Thursday, March 17, 2016

Why the Danes are the happiest people in the world

Today we have a nice picture of some smiling citizens of the happiest country in the world.


Yes, dear readers, they're Danes. Aren't they great? [Geddit? Ed. ... Great Danes! Geddit now?] Every year, the World Happiness Report surveys numerous people from various countries around the world to find out which country has the happiest population. [Geddit? That's why it's called the "World Happiness Report". Ed. Geddit now?] This year’s winner is Denmark, followed closely by Switzerland, Iceland, and Norway. Canada ranked 6th. And the USA? Errr, 13th. And that was before Super Tuesday!

The lamestream media have been full of stories on the happiness of Danes, extolling Denmark's liberal democracy, managed economy, peacefulness and prosperity. What they don't mention, though, is the fact that Denmark's society is remarkably homogenous. As the picture shows, most Danes are white Scandinavians who share a common language, culture and religion. And their laws and policies and immigration and designed to keep it that way.

Just a couple of months ago, the Danish parliament overwhelmingly passed a bill to solidify Denmark’s reputation as Western Europe’s least attractive country for refugees. The law empowers Danish authorities to seize any assets exceeding $1450 from asylum-seekers in order to help pay for the migrants' subsistence in the country. It also extends, from one year to three, the period that those who are resettled must wait to apply for family members to join them in Denmark.

Why did the Danes do this? It's not that they haven't welcomed immigrants in the past. Over the course of the 20th century, the country of nearly 6 million became home to refugees and immigrants from the Soviet bloc, the Balkans, and beyond. Today, immigrants and their descendants account for 10% percent of Denmark'se total population. Denmark has also been a prominent advocate for refugees and asylum-seekers.

Perhaps that last phrase should read "true refugees and asylum-seekers", not to be confused with the bogus refugees and economic migrants from countries such as Morocco, Algeria and Pakistan [That may be stretching it a bit. Ed.] now making a pit stop in Denmark en route to Sweden or having missed the exit for Germany. In 2015, 21,000 people sought asylum in Denmark -- up from 14,815 asylum applications in 2014 and 7,557 in 2013. These are numbers that the Danish welfare state -- which guarantees free health care, education and other benefits to every resident -- is struggling to handle.

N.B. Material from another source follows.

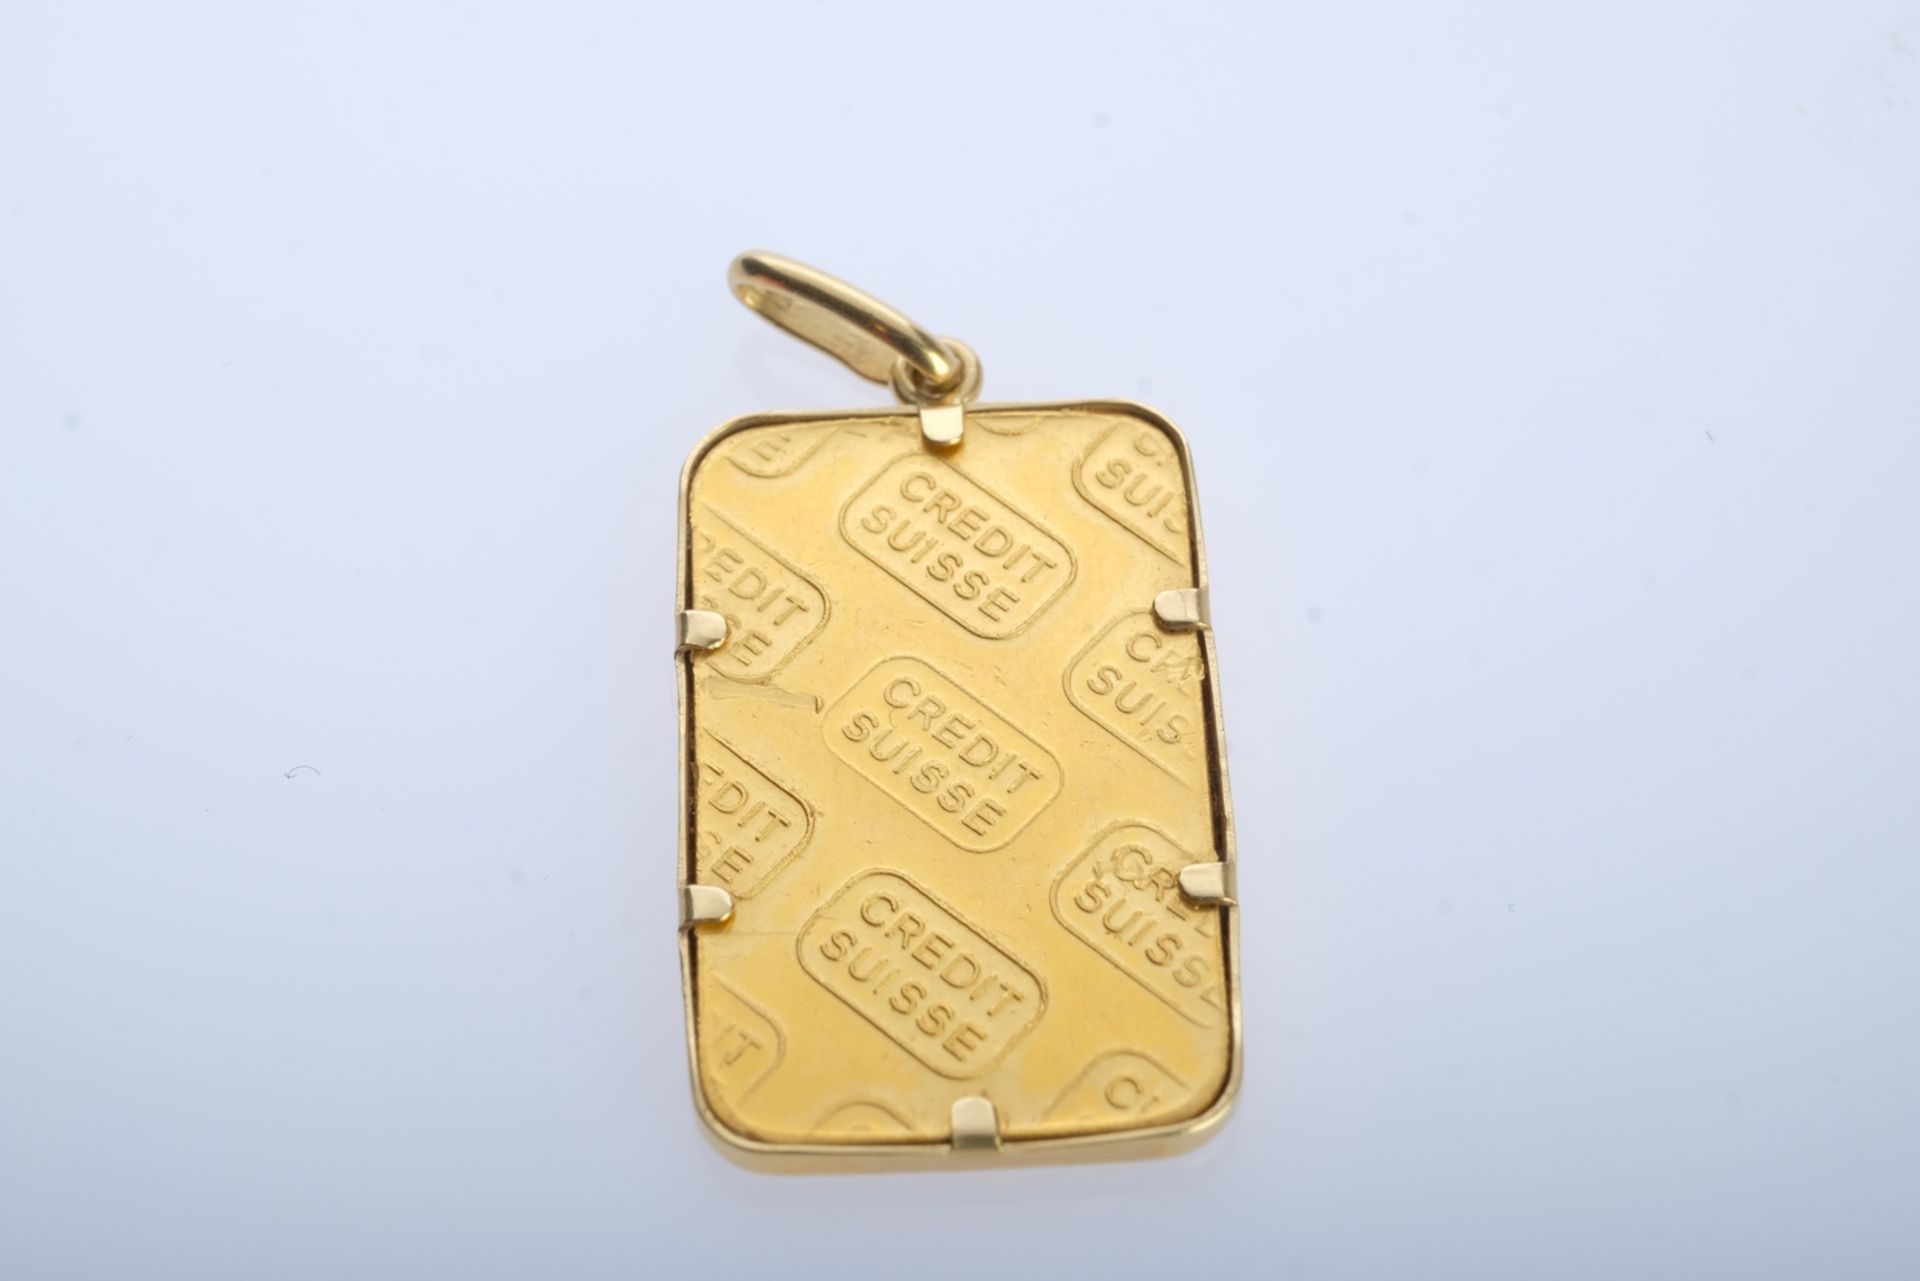 ANHÄNGER Goldbarren 999,9 fine gold, 5g, mit Anhängeröse 750 GG für eine Kette, 2,2x1,5cm, L gesamt - Image 2 of 2

According to "How Not to Welcome Refugees" (Atlantic Monthly, Jan. 2016), the Danish government last August cut social benefits to refugees and immigrants by 45%, in a move marketed as an "integration benefit". To ensure the message was clearly received, they advertised the benefit cut, as well as other government policies that asylum-seekers might find unappealing, in newspapers in Lebanon, which has a large refugee population.

More recently, the government proposed moving refugees from urban housing to camps outside cities, an initiative that would "shift the focus of government immigration policy to repatriation rather than integration". What that means -- in plain English (or Danish) -- is they want all the refugees and asylum-seekers to go back where they came from!

Sometimes the hints are a little more subtle. According to the same article, a Danish city council mandated the placement of pork on municipal menus (observant Muslims don’t eat pork), including at schools and daycare centres. That's quite a contrast with what the Germans are doing. See "German schools won't offend Muslims, drop sausage from lunch menus", WWW 7/3/16. Walt is investigating the possibility that Donald Trump is not a German Nazi, as his detractors say, but a Dane!

To return to the question of why the Danes are whipping the Willkommen mat out from under the feet of the Muslim invaders, the explanation is simple. It's what the Danish people want! One recent poll showed that 37% of voters opposed offering more residence permits to migrants. Another poll indicated that 70% felt the refugee crisis constituted the most important issue on the political agenda.

An official of the Migration Policy Institute -- an organization which does nicely out of being nice to migrants -- characterized the average Dane's attitude thus: "I want to protect the fact that my country, a small country, is an extremely wealthy country; that it provides these exceptional benefits to its people; and I don’t want to compromise my ability to receive those benefits simply because more and more people want to come in." In other words, "We're happy because we're here and they're not." Sorry, liberals, but that's human nature.